Приведённый ознакомительный фрагмент книги «Страж и Советник. Роман-свидетель» предоставлен нашим книжным партнёром — компанией ЛитРес.

Купить и скачать полную версию книги в форматах FB2, ePub, MOBI, TXT, HTML, RTF и других

3. Вербовка без цели

Неудачно я ответил, когда наместник президентской рати на берегах Невы окликнул из конца коридора.

— Вступай в партию!

— А в какую?

Главный тогда на невских берегах единоросс понял, что я не созрел для главного дела. У него уже не спросишь, лежит на Смоленском кладбище. Но он будто поучаствовал в странной игре — держать меня вблизи неведомого мне замысла.

И продолжали к чему-то почти незаметно, но неотступно вести, будто готовили для неведомого, наверное, последнего для меня исполнения.

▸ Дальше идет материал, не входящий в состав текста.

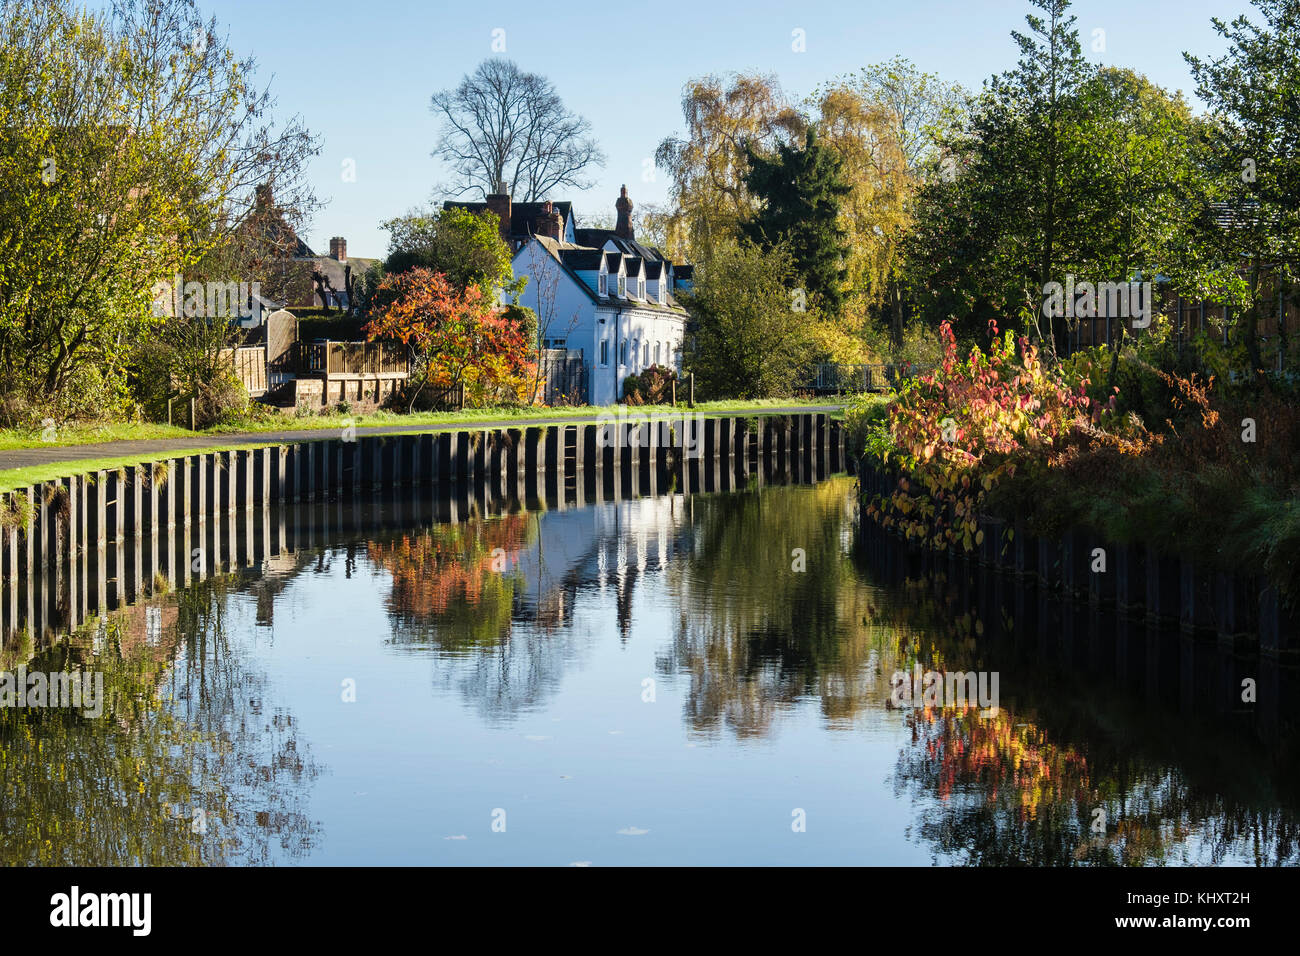 Le canal de Droitwich en vignes Park avec de l'eau reflétant la scène d'automne. Droitwich Spa, Worcestershire, Angleterre, Royaume-Uni, Angleterre Banque D'Images

Но отшельник уже не учится и не учит. Смотрит на красные гроздья рябины под окном, стараясь не отрывать взгляда от слов. И есть слова, которые способы силы лишать. Да после запахов копченых чебаков и гомона базара странно толковать о соотношении мифа и существования — пострадал Лосев от Троцкого как раз за то, что идеологию хотел окоротить чудом жизни. Китайцу-троцкисту надо было это пересказать, да ведь китаец слушает только про то, что сам знает.

Какими словами можно окоротить и ослабить силу? Даже силу могучего Президента?

Неужели словами из книги о Розанове?

Рюдигер Сафрански написал книги о Хайдеггере, Ницше и о романтиках, Жан-Франсуа Лиотар повествовал о благородном авантюристе и писателе Андре Мальро, что приезжал на горьковский съезд писателей, — в разгар свального застолья названный Радеком мелким буржуйчиком, поднял тост за перманентного ниспровергателя Льва Давидовича Троцкого: «О нем тут не говорят! Но именно он тут присутствует!». Почти никто не различил слов, кроме женщины, что стояла рядом. А Розанов у меня на страницах снова по-детски пил молоко от вымистой кормилицы-коровы, курил в полнейший кейф от первых классов до самой старости, рассуждал про тайну миквы и заброшенно по-стариковски переживал голод и гражданские распри. Упал в канаву, когда возвращался из любимой им бани. И потом диктовал дочке строки, поглядывал на свечечку: пока горит, Таня, еще на рублик напишем.

Секрет в вечной и неумолчной музыке в душе: звучит, а кто знает?

Меньше всего автор.

И так можно было бы провести дни, еще оставшиеся, помня, что проживать нужно каждый день, как последний. Свободно на холоде, радуясь теплу. Лампадку за правым плечом затеплив.

А что за левым?

И вдруг тот, кто окликнул: «Вступай в партию!», позвал для разговора.

Я впервые видел вблизи настоящего сенатора.

— Знаешь, кто такой бэбиситор? — Он говорил мне ты, когда были вдвоем.

— Тот, кто сидит с детишками?

— Посидеть хочешь?

— И так сижу. Выпечка текста!

— Какого теста?

— Текста!

— За булку о Розанове дали тысяч двенадцать? Два года работы?

— И двадцать лет перед этим.

Да Розанов сам говорил: что за фамилья такая! Ни поэту, ни философу не подойдет! Вот для названия булочной хороша: дурак ты, Розанов. Ты б лучше булки пек!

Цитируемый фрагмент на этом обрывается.